» **TASK REQUIREMENTS**: Where the lines below hold images, skip those and copy every word exactly.

» **SOURCE MATERIAL**:
········
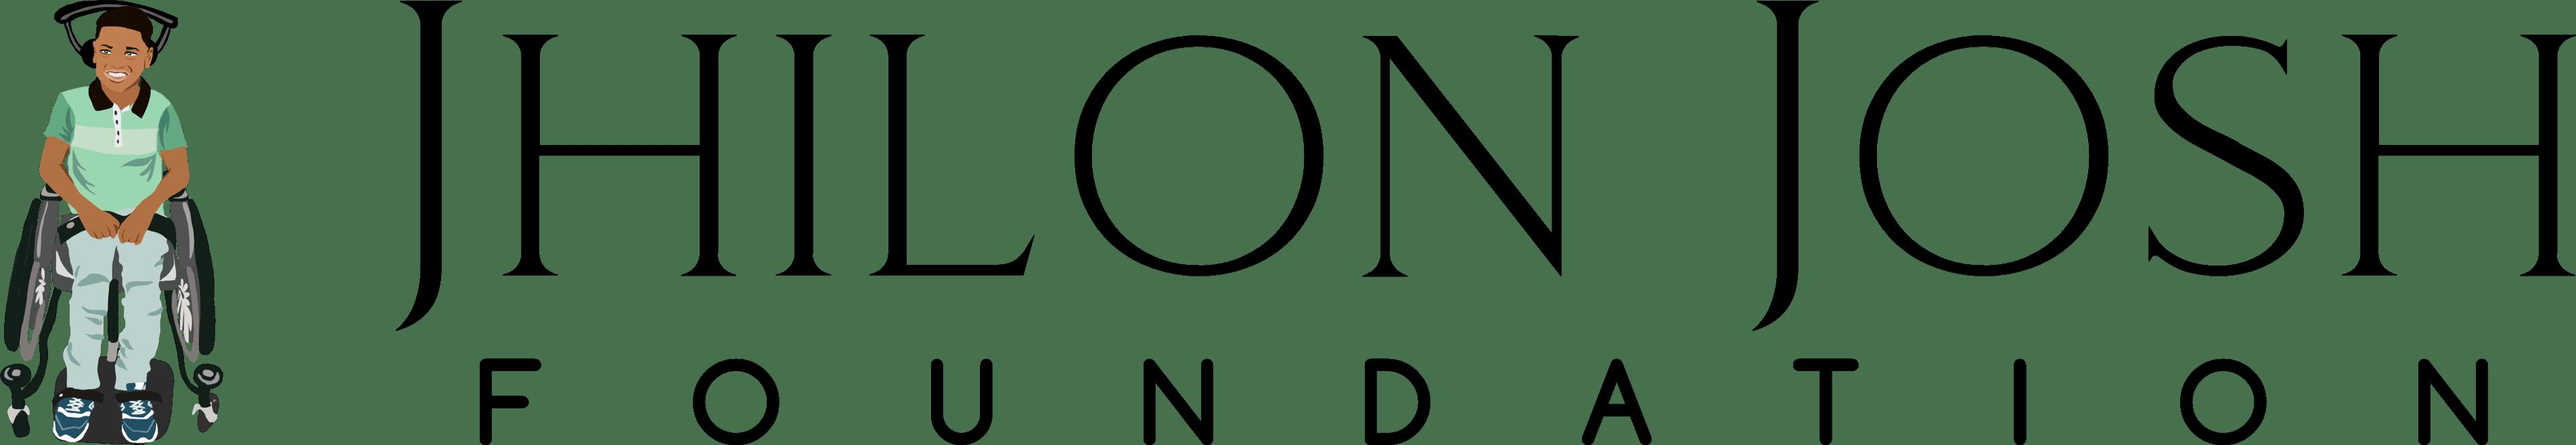 Jhilon Josh Foundation
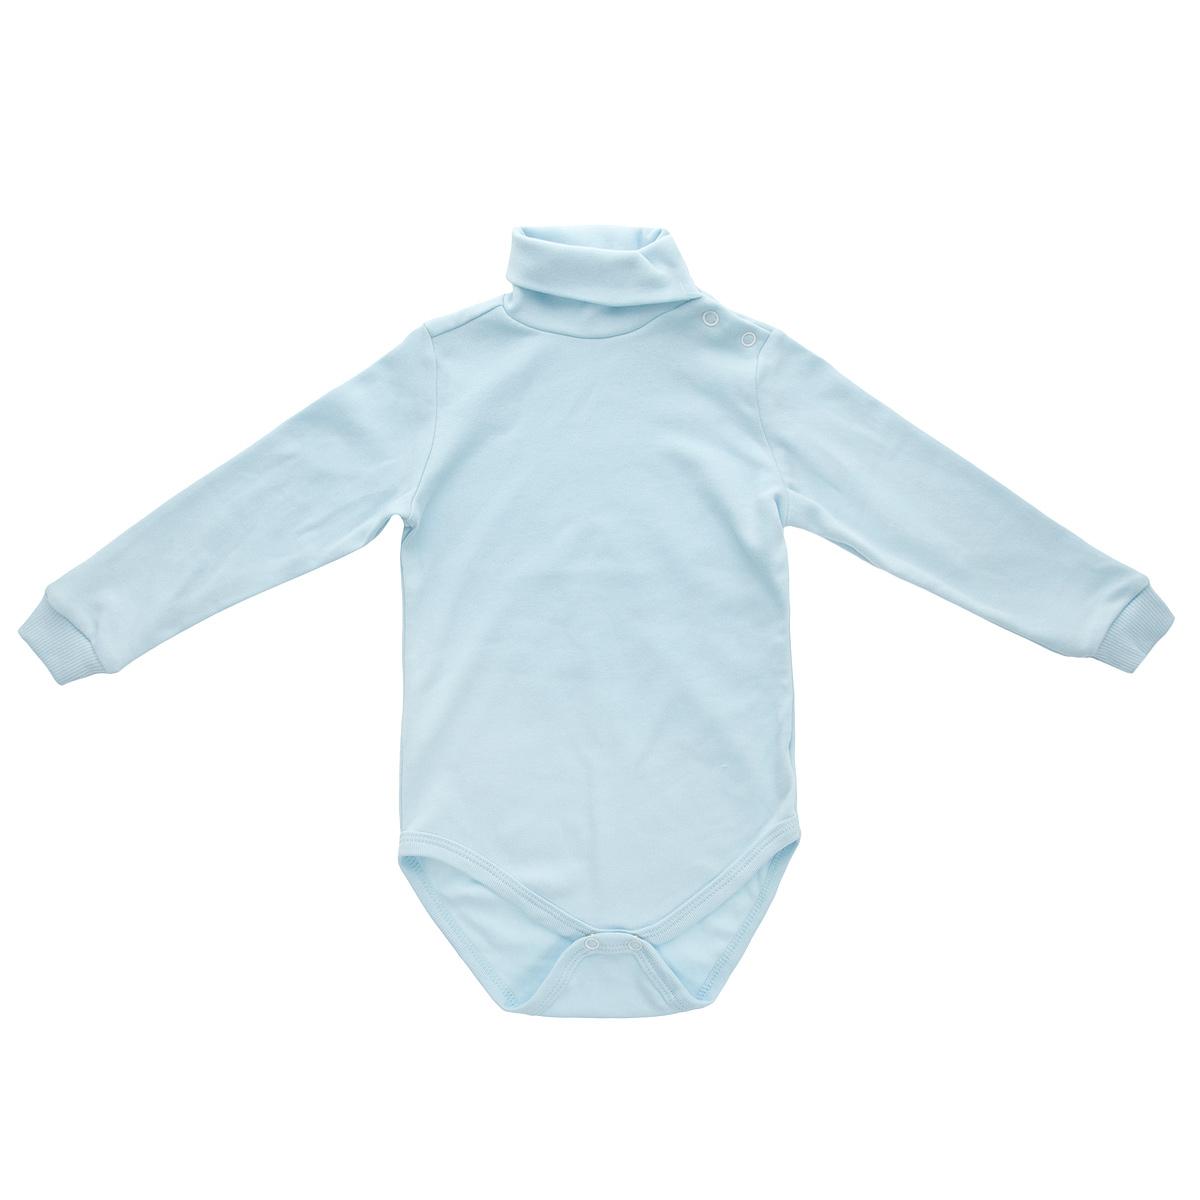 Боди детское. 37-32837-328Яркое боди Фреш Стайл идеально подойдет вашему ребенку в теплое или прохладное время года. Изготовленное из эластичного хлопка, оно необычайно мягкое и приятное на ощупь, не сковывает движения ребенка и позволяет коже дышать, не раздражает даже самую нежную и чувствительную кожу, обеспечивая ему наибольший комфорт. Боди с длинными рукавами и воротником-стойкой застегивается на удобные застежки-кнопки на воротнике, по плечу и ластовице, которые помогают легко переодеть младенца или сменить подгузник. Края рукавов дополнены широкими эластичными манжетами, не сжимающими запястья ребенка. Оригинальный современный дизайн и модная расцветка делают это боди модным и стильным предметом детского гардероба. В нем ваш ребенок будет чувствовать себя уютно и комфортно и всегда будет в центре внимания!
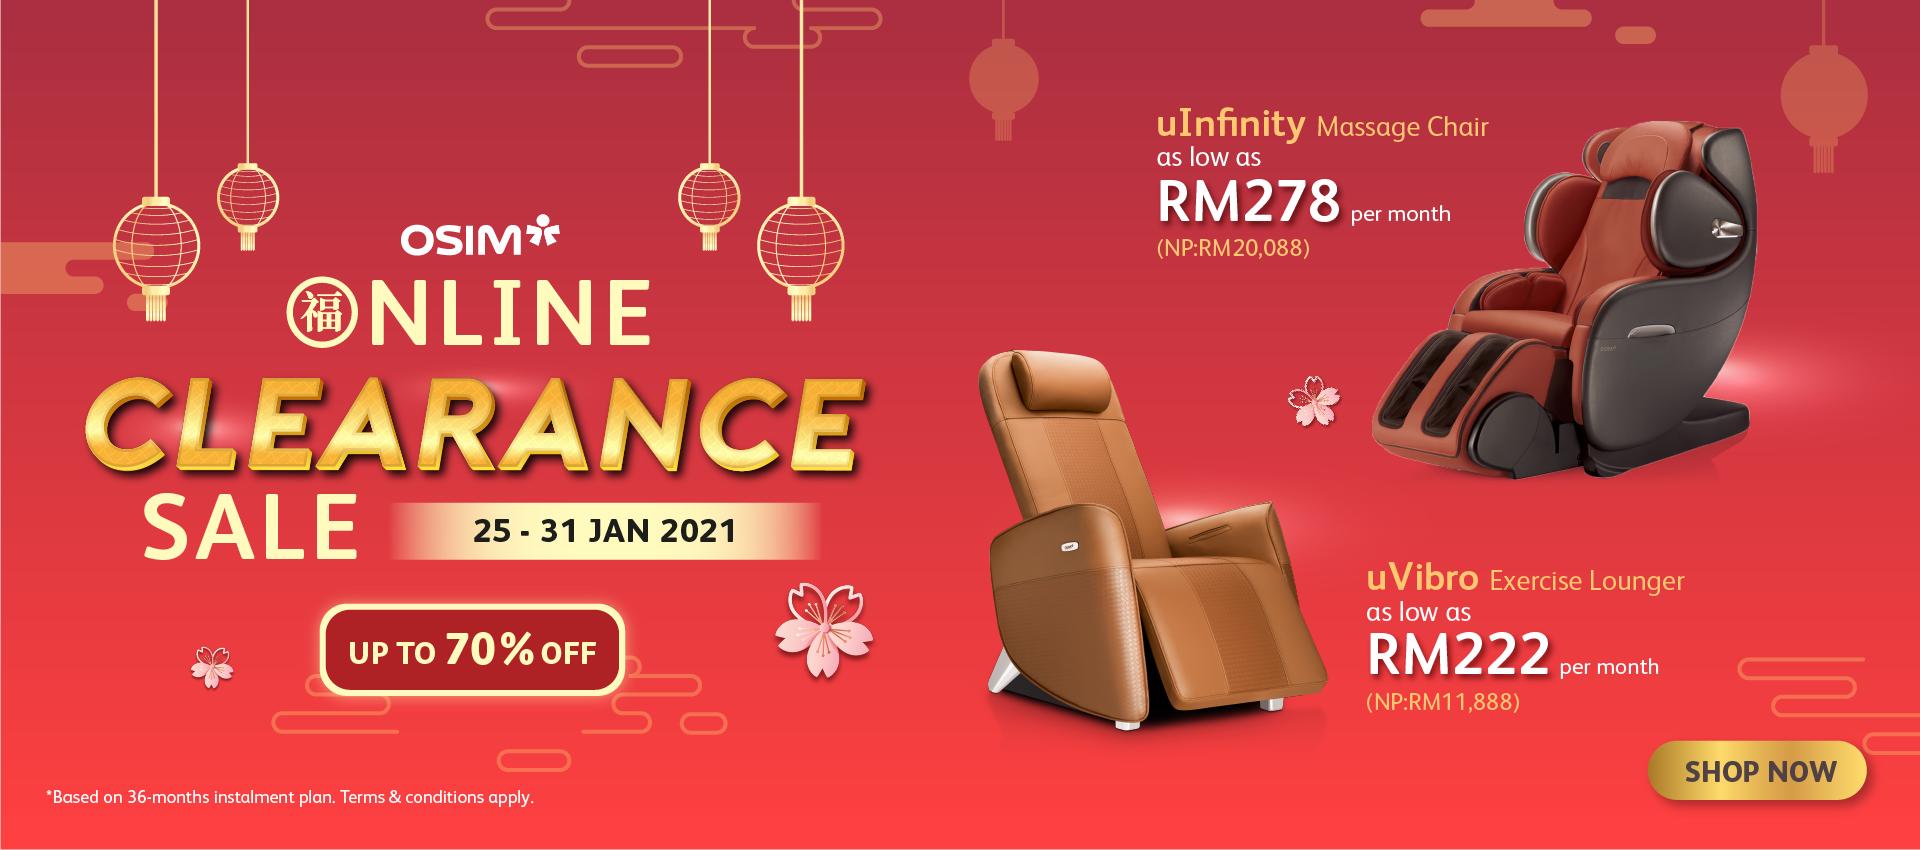 Online Clearance Sale (25 - 31 Jan 2021)
········
» **ANSWER BOX**:
 Jhilon Josh Foundation
 Боди детское. 37-32837-328Яркое боди Фреш Стайл идеально подойдет вашему ребенку в теплое или прохладное время года. Изготовленное из эластичного хлопка, оно необычайно мягкое и приятное на ощупь, не сковывает движения ребенка и позволяет коже дышать, не раздражает даже самую нежную и чувствительную кожу, обеспечивая ему наибольший комфорт. Боди с длинными рукавами и воротником-стойкой застегивается на удобные застежки-кнопки на воротнике, по плечу и ластовице, которые помогают легко переодеть младенца или сменить подгузник. Края рукавов дополнены широкими эластичными манжетами, не сжимающими запястья ребенка. Оригинальный современный дизайн и модная расцветка делают это боди модным и стильным предметом детского гардероба. В нем ваш ребенок будет чувствовать себя уютно и комфортно и всегда будет в центре внимания!
 Online Clearance Sale (25 - 31 Jan 2021)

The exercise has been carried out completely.